**Exercise description:**
From first line to last, copy the listing exactly and omit its pictures.

**Data below:**
★ ★ ★

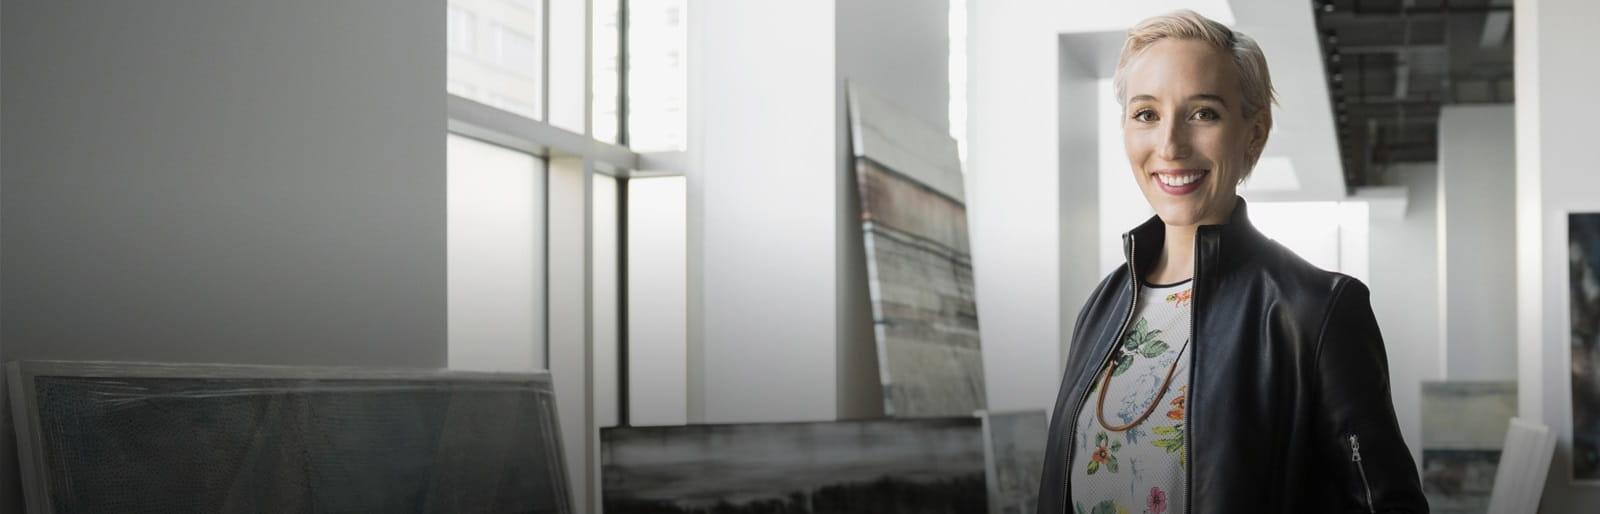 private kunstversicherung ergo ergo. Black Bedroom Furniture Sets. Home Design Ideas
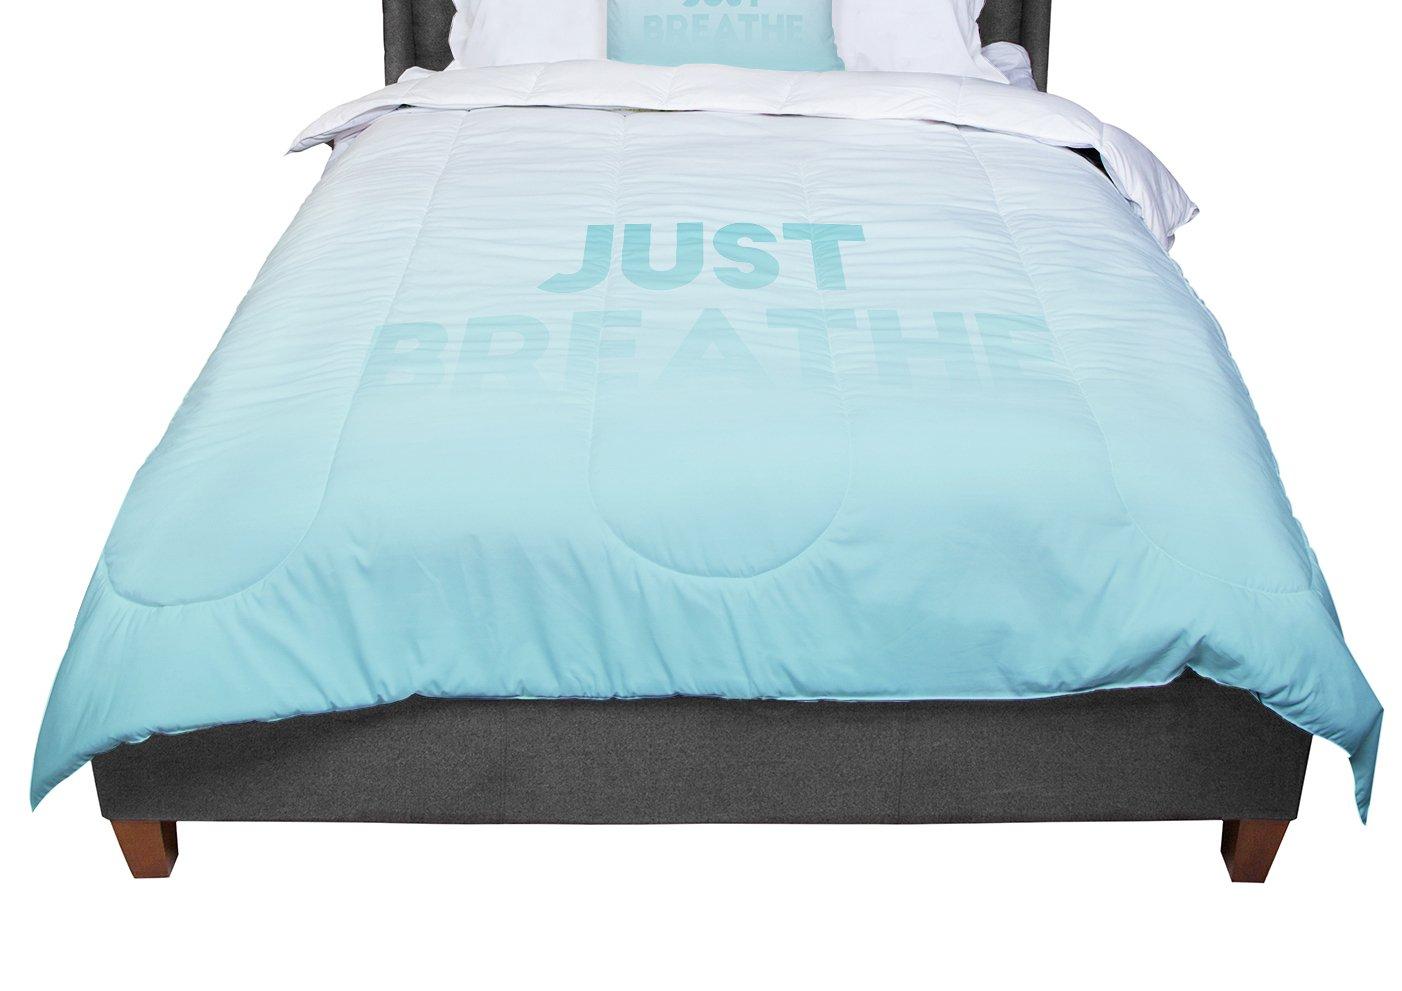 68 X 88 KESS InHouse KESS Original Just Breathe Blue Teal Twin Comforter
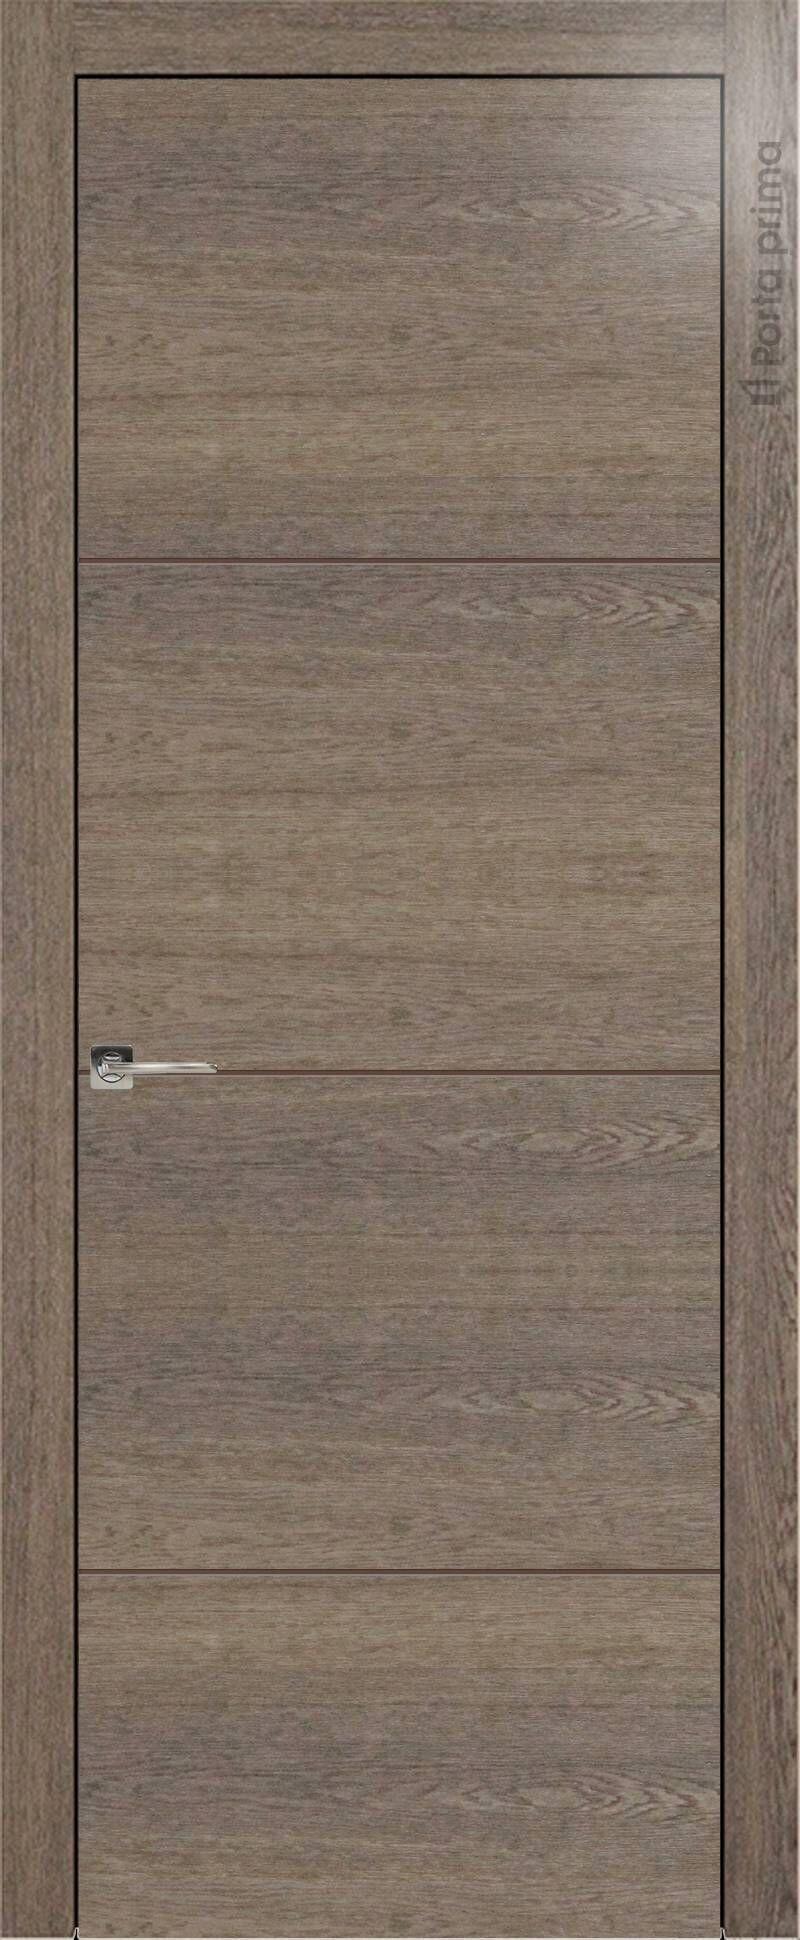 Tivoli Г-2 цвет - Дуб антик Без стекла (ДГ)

★ ★ ★

**Solution to this exercise:**
 private kunstversicherung ergo ergo. Black Bedroom Furniture Sets. Home Design Ideas
 68 X 88 KESS InHouse KESS Original Just Breathe Blue Teal Twin Comforter
 Tivoli Г-2 цвет - Дуб антик Без стекла (ДГ)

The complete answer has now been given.